• **About this task**:
Copy out the full data exactly as given; pictures should not be included.

• **Source material**:
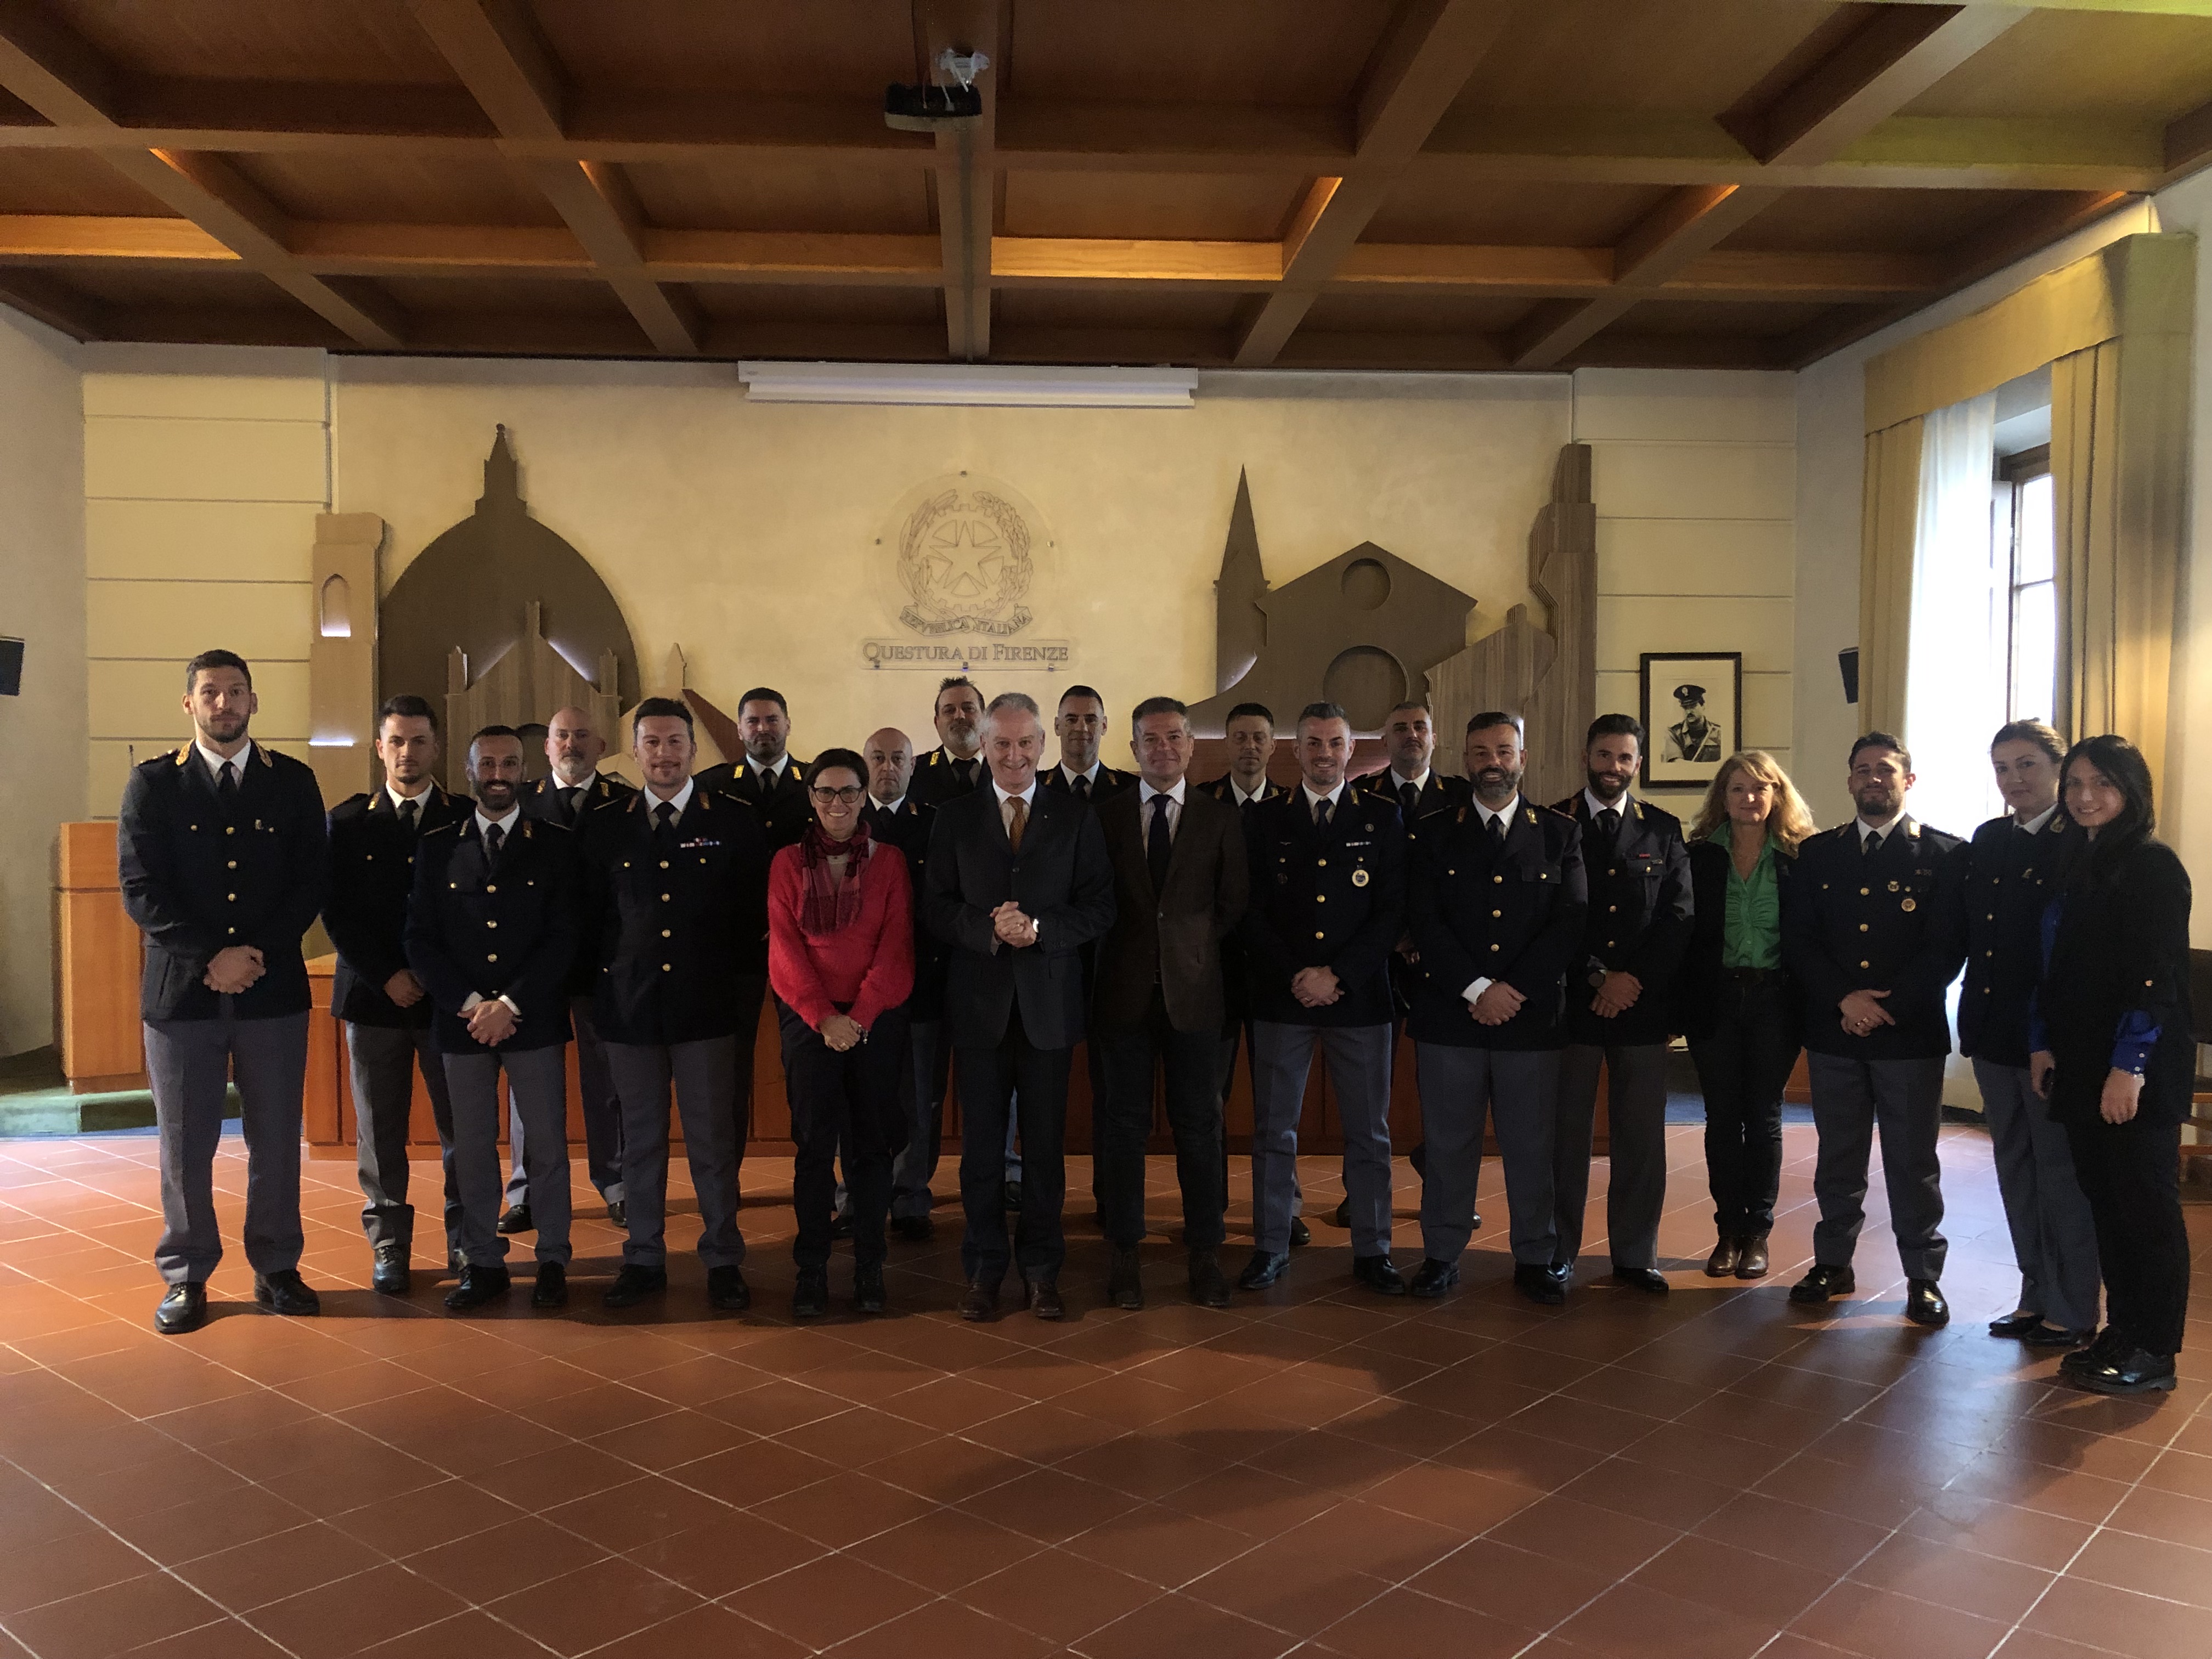 Il Questore della provincia di Firenze Maurizio Auriemma incontra in Sala Cangiano i 13 nuovi poliziotti del ruolo Ispettori assegnati alla Questura fiorentina
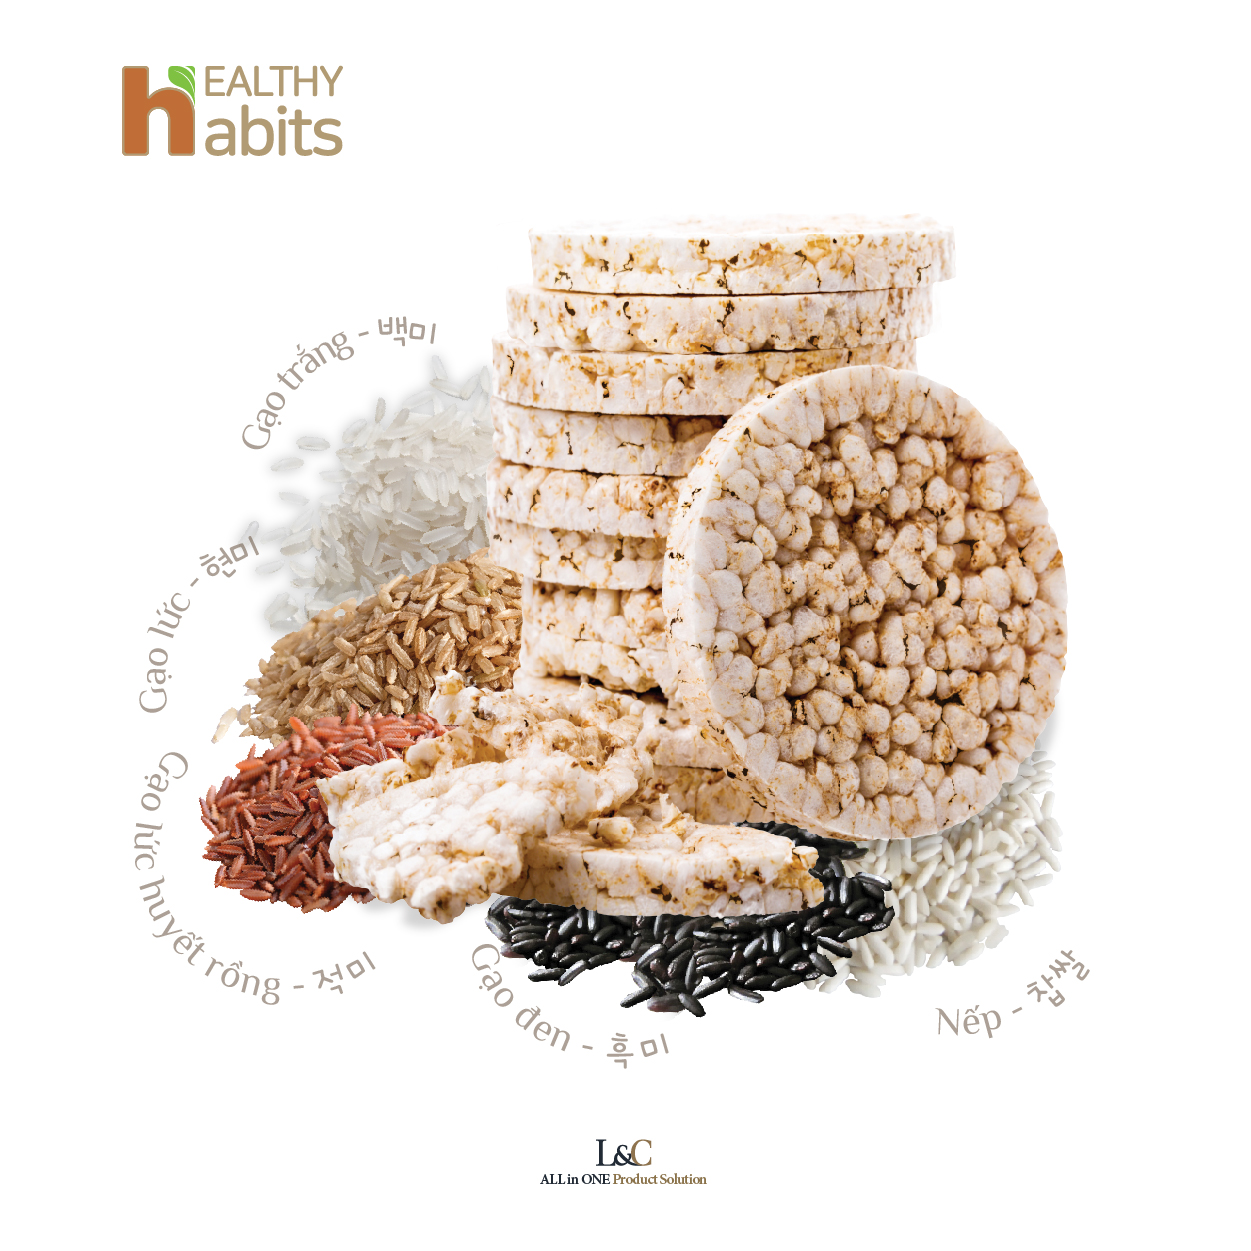 Bánh Gạo Lức Ngũ Cốc Nguyên Hạt Healthy habits - bánh gạo Hàn Quốc - hỗ trợ chế độ ăn Kiêng, GYM, EATCLEAN
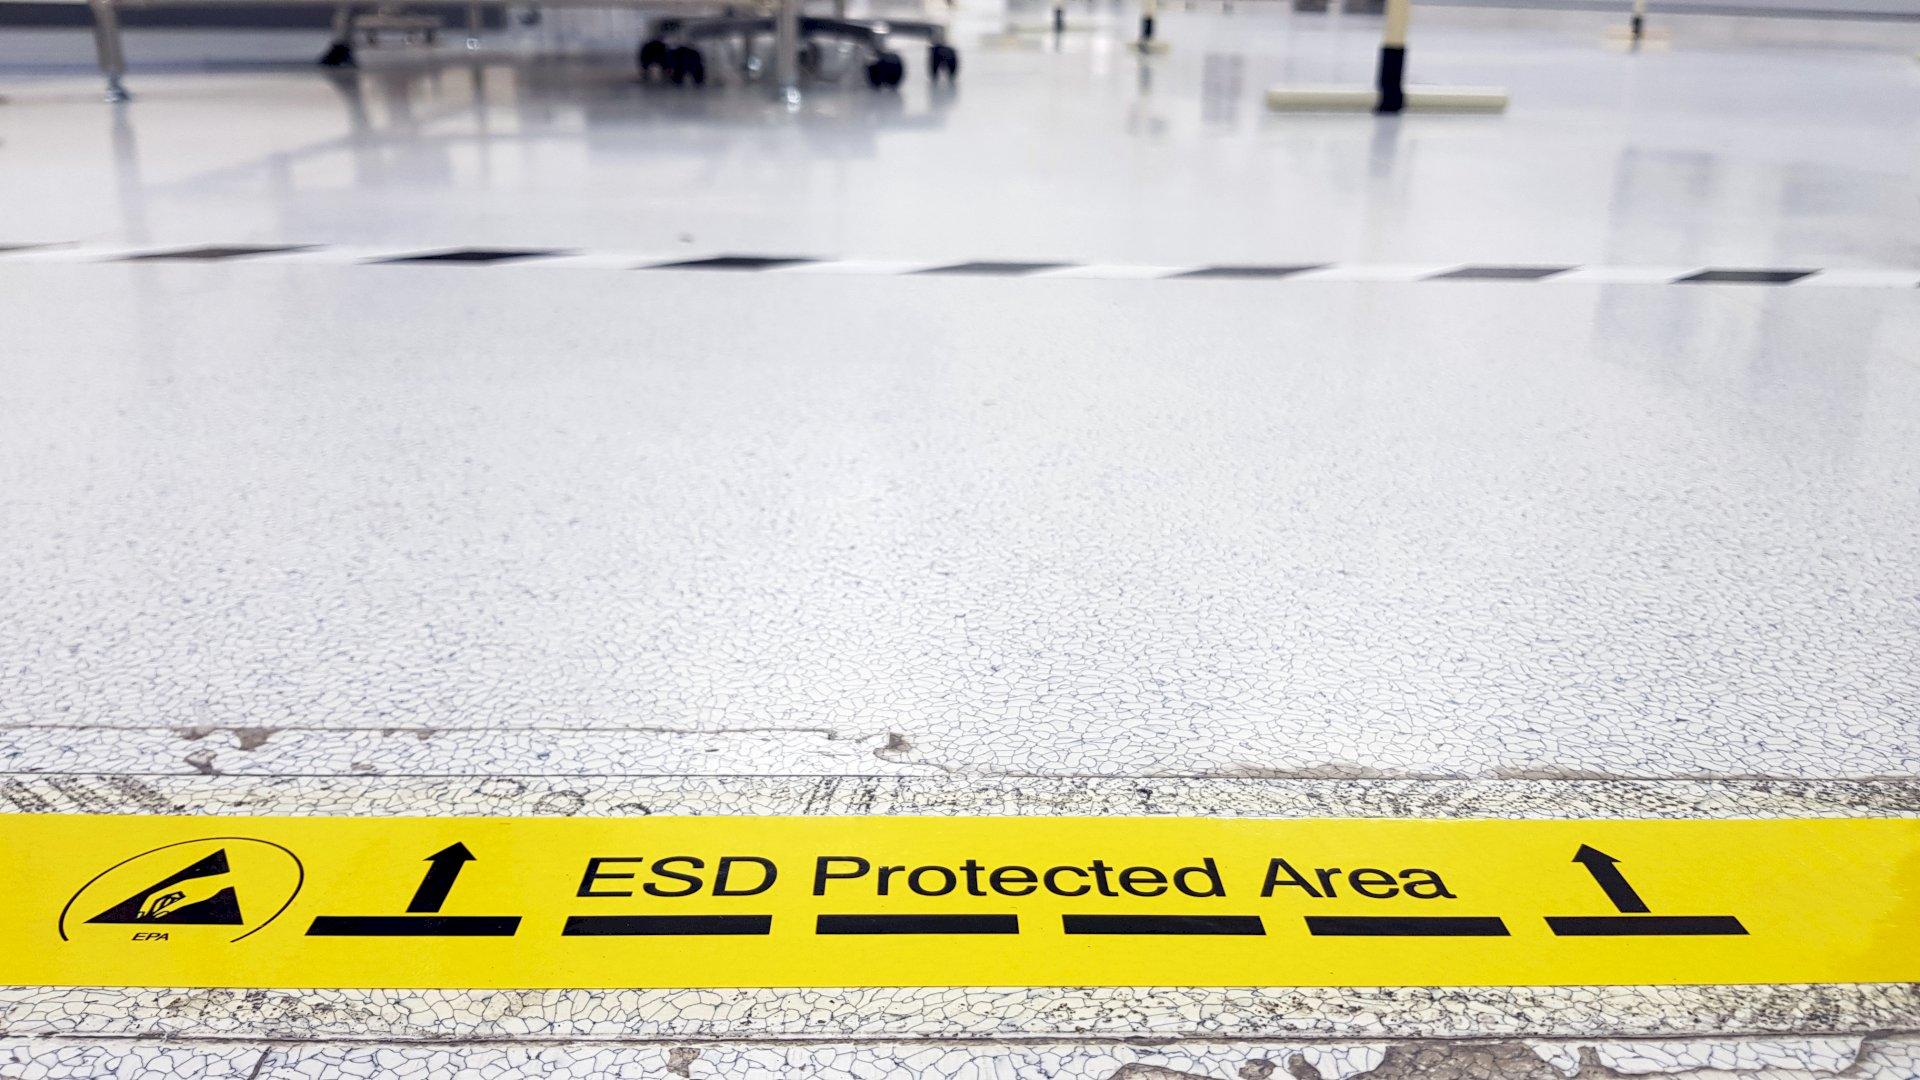 Wat mag er in de EPA (ESD Protected area)?
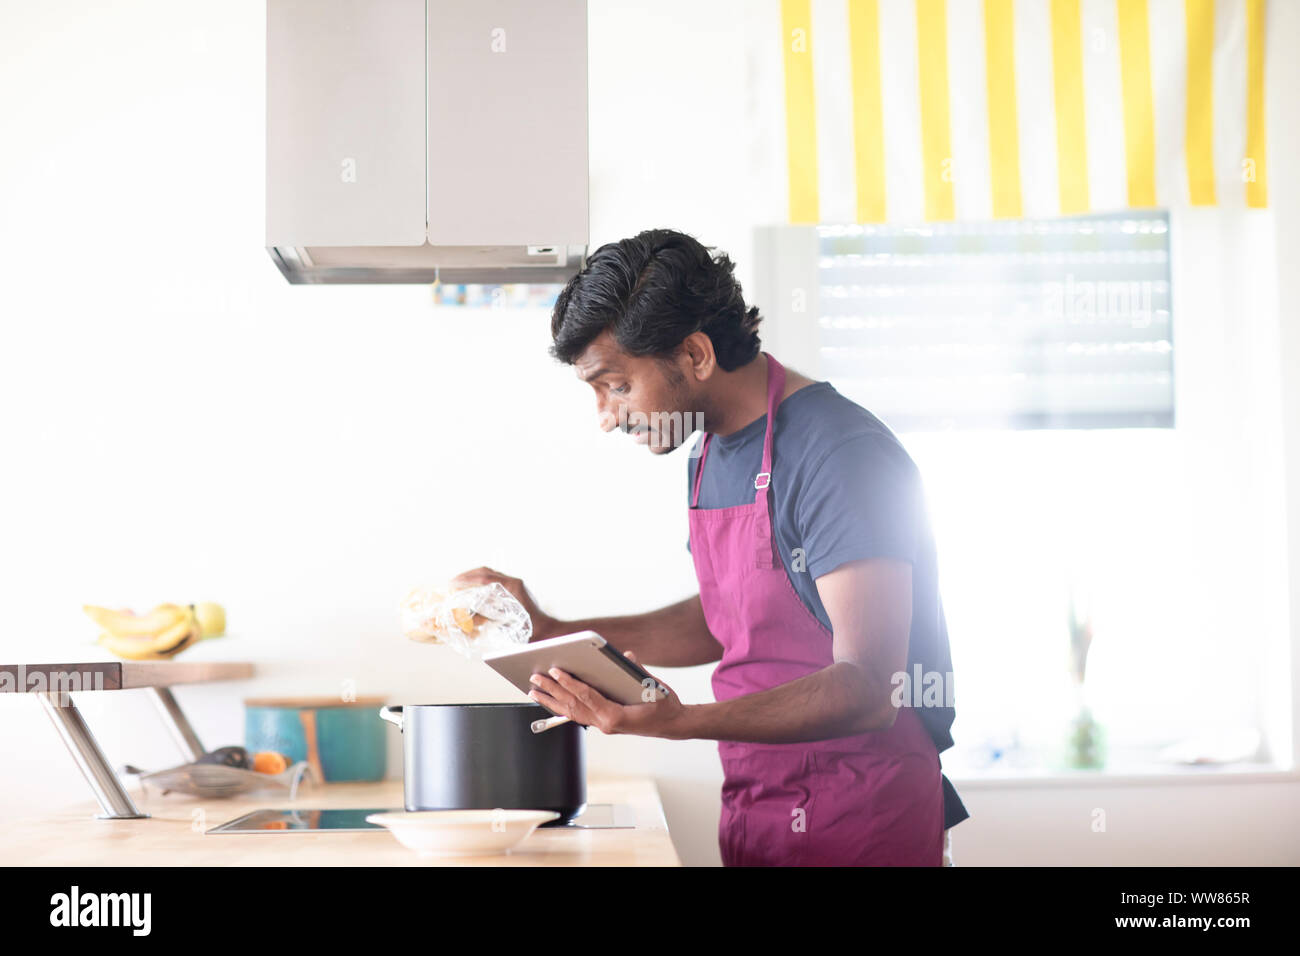 Jeune homme indien dans une cuisine cuisson Banque D'Images

• **Task answer**:
 Il Questore della provincia di Firenze Maurizio Auriemma incontra in Sala Cangiano i 13 nuovi poliziotti del ruolo Ispettori assegnati alla Questura fiorentina
 Bánh Gạo Lức Ngũ Cốc Nguyên Hạt Healthy habits - bánh gạo Hàn Quốc - hỗ trợ chế độ ăn Kiêng, GYM, EATCLEAN
 Wat mag er in de EPA (ESD Protected area)?
 Jeune homme indien dans une cuisine cuisson Banque D'Images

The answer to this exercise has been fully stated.